## Source data

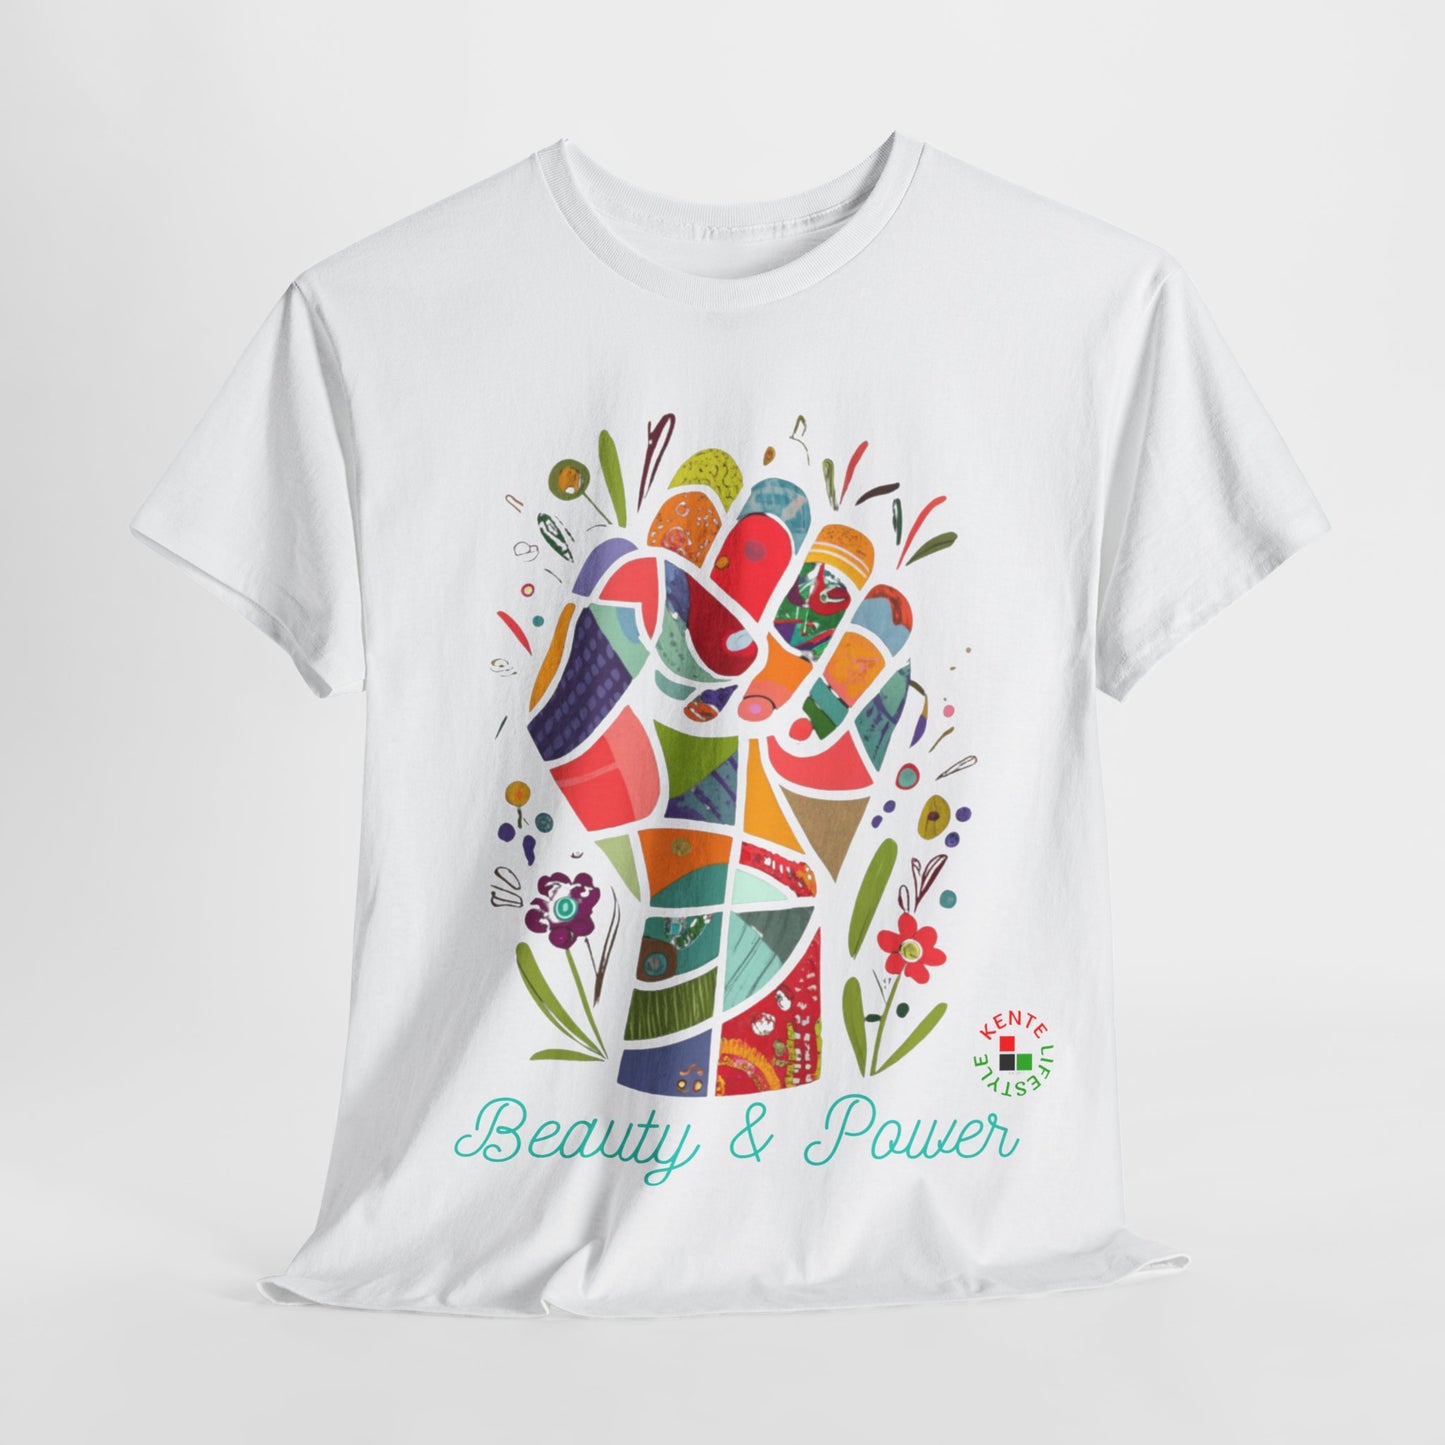 "Beauty and Power" T-shirt
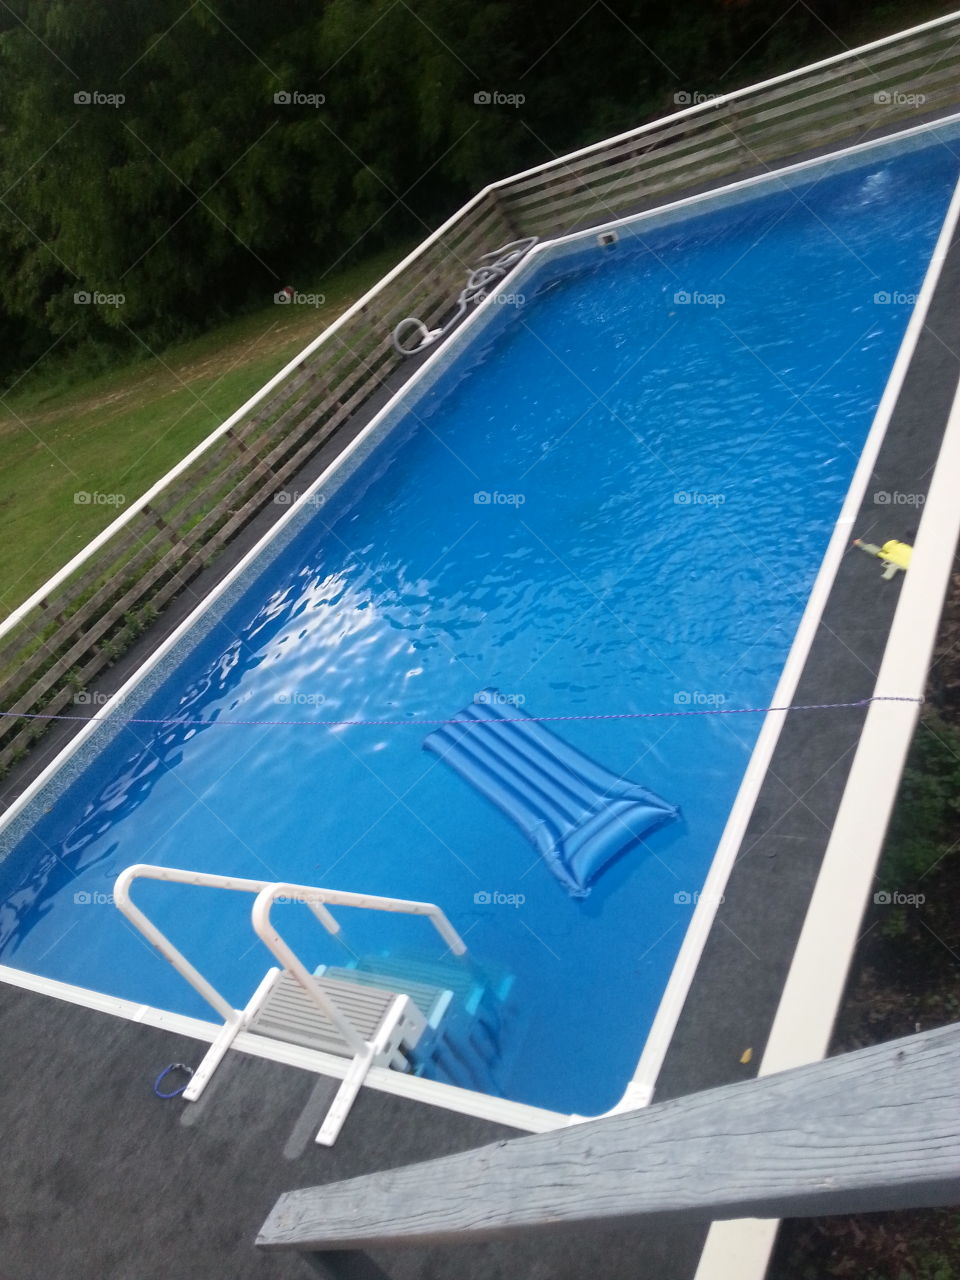 Beautiful Blue Pool. Our enhanced water in our pool is so neat.  :)
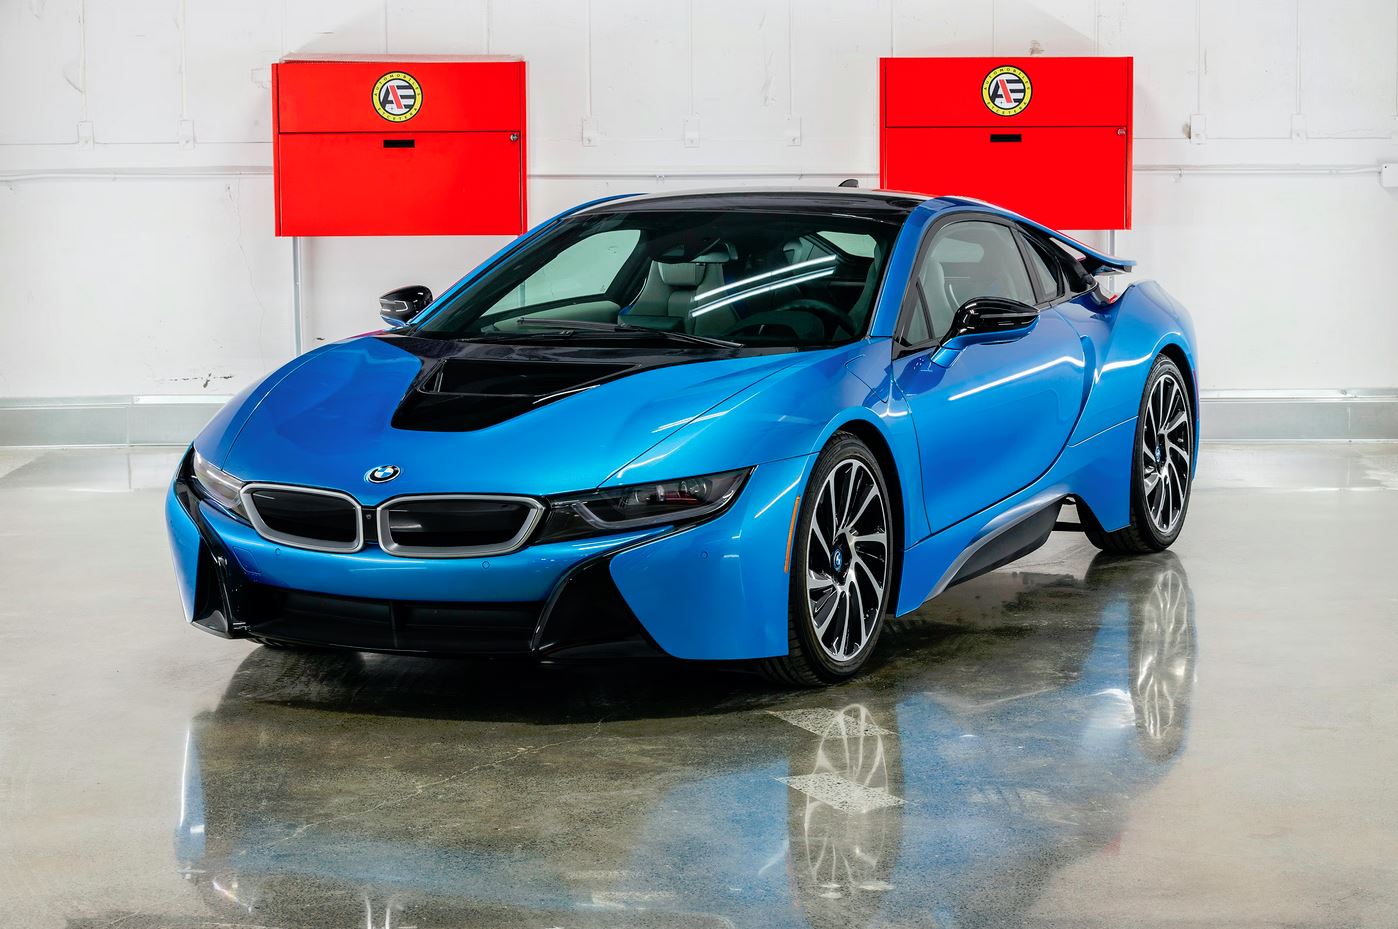 Practically New 2014 Bmw I8 Plug-In Hybrid Sports Car On Collecting Cars
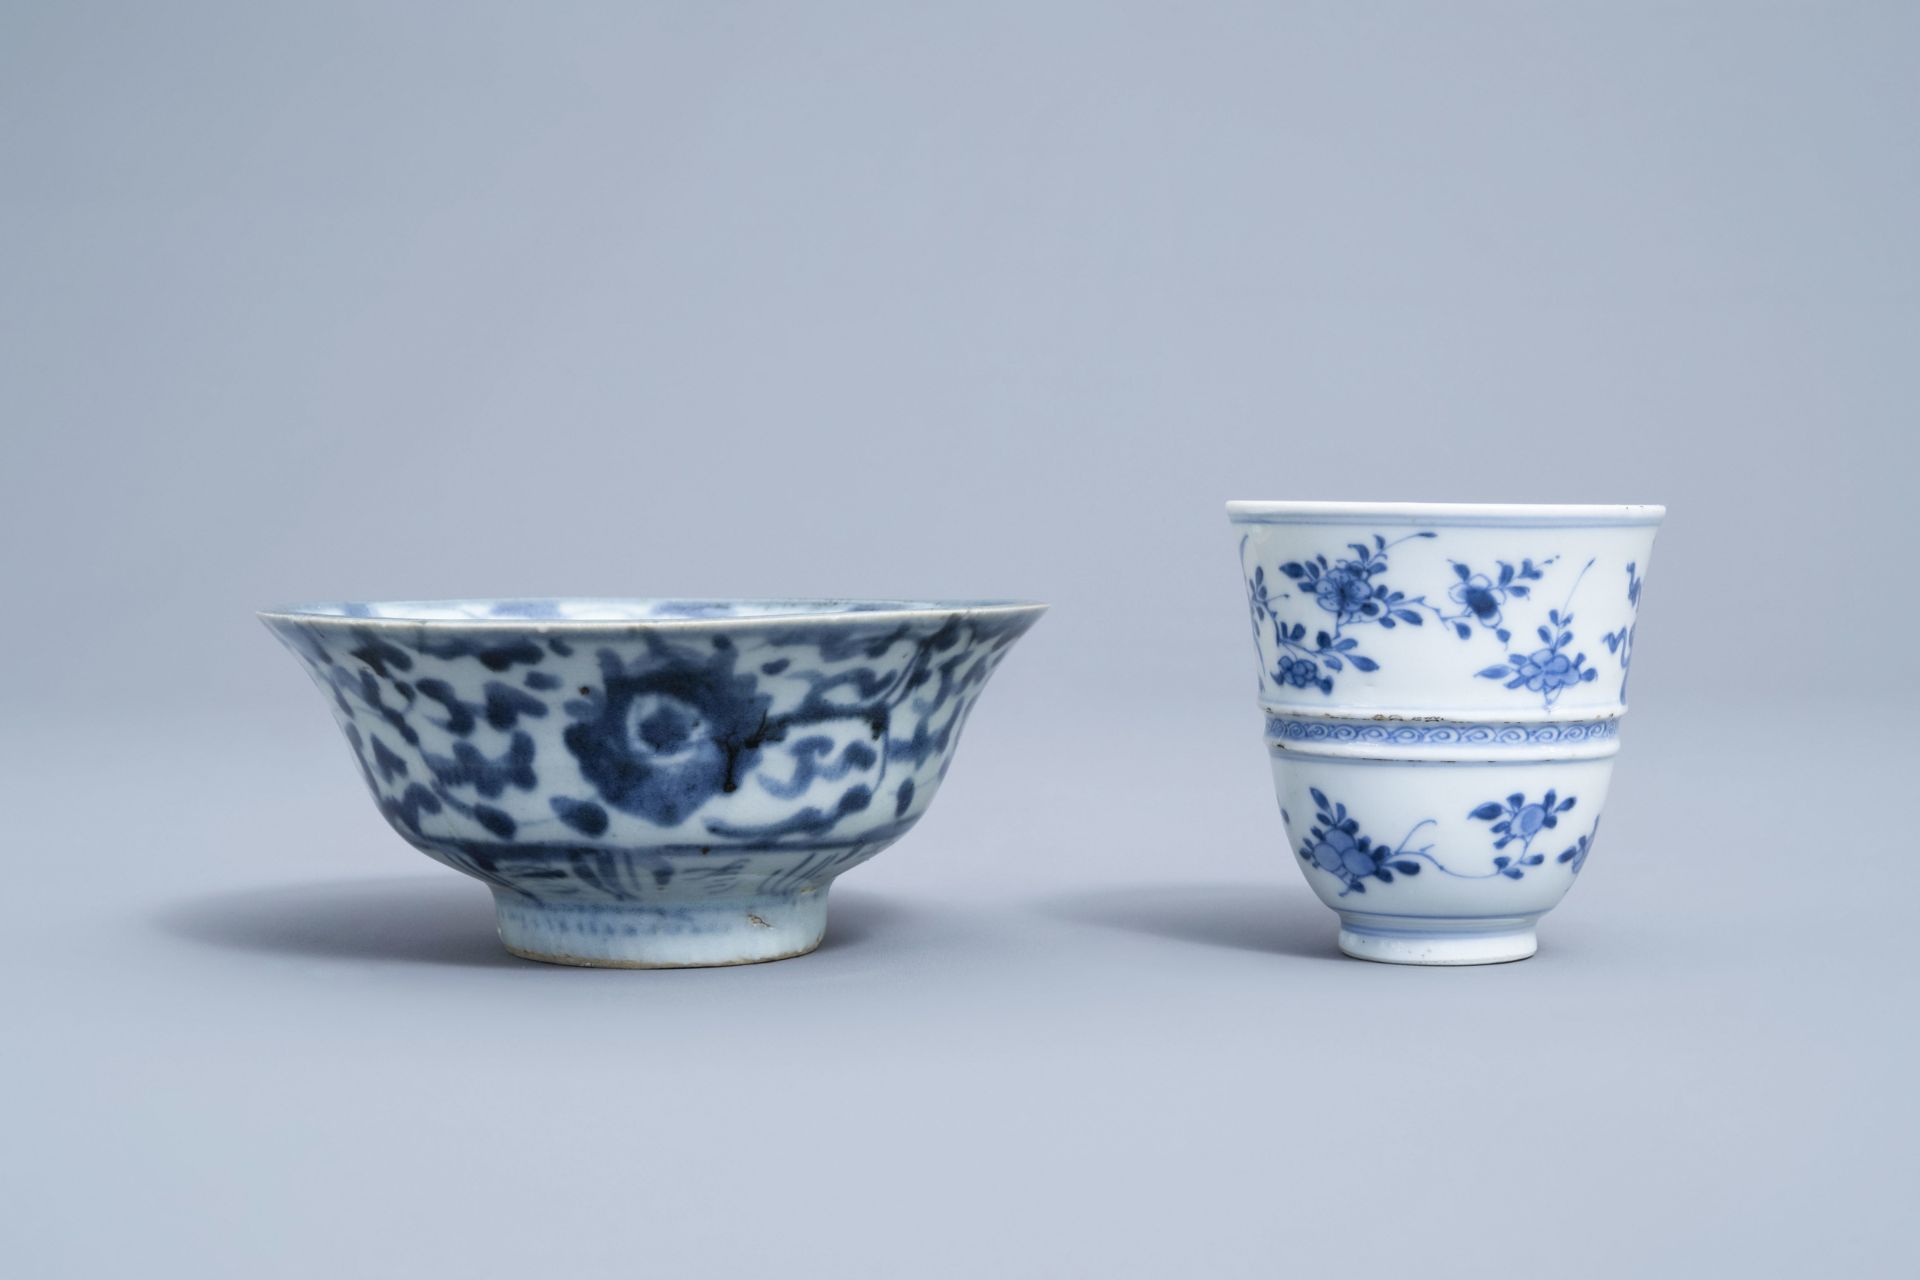 A varied collection of Chinese blue and white porcelain, 18th C. and later - Image 22 of 54

## Exercise
Return the full listing exactly as it appears above, without its pictures.

## Expected answer
 "Beauty and Power" T-shirt
 Beautiful Blue Pool. Our enhanced water in our pool is so neat.  :)
 Practically New 2014 Bmw I8 Plug-In Hybrid Sports Car On Collecting Cars
 A varied collection of Chinese blue and white porcelain, 18th C. and later - Image 22 of 54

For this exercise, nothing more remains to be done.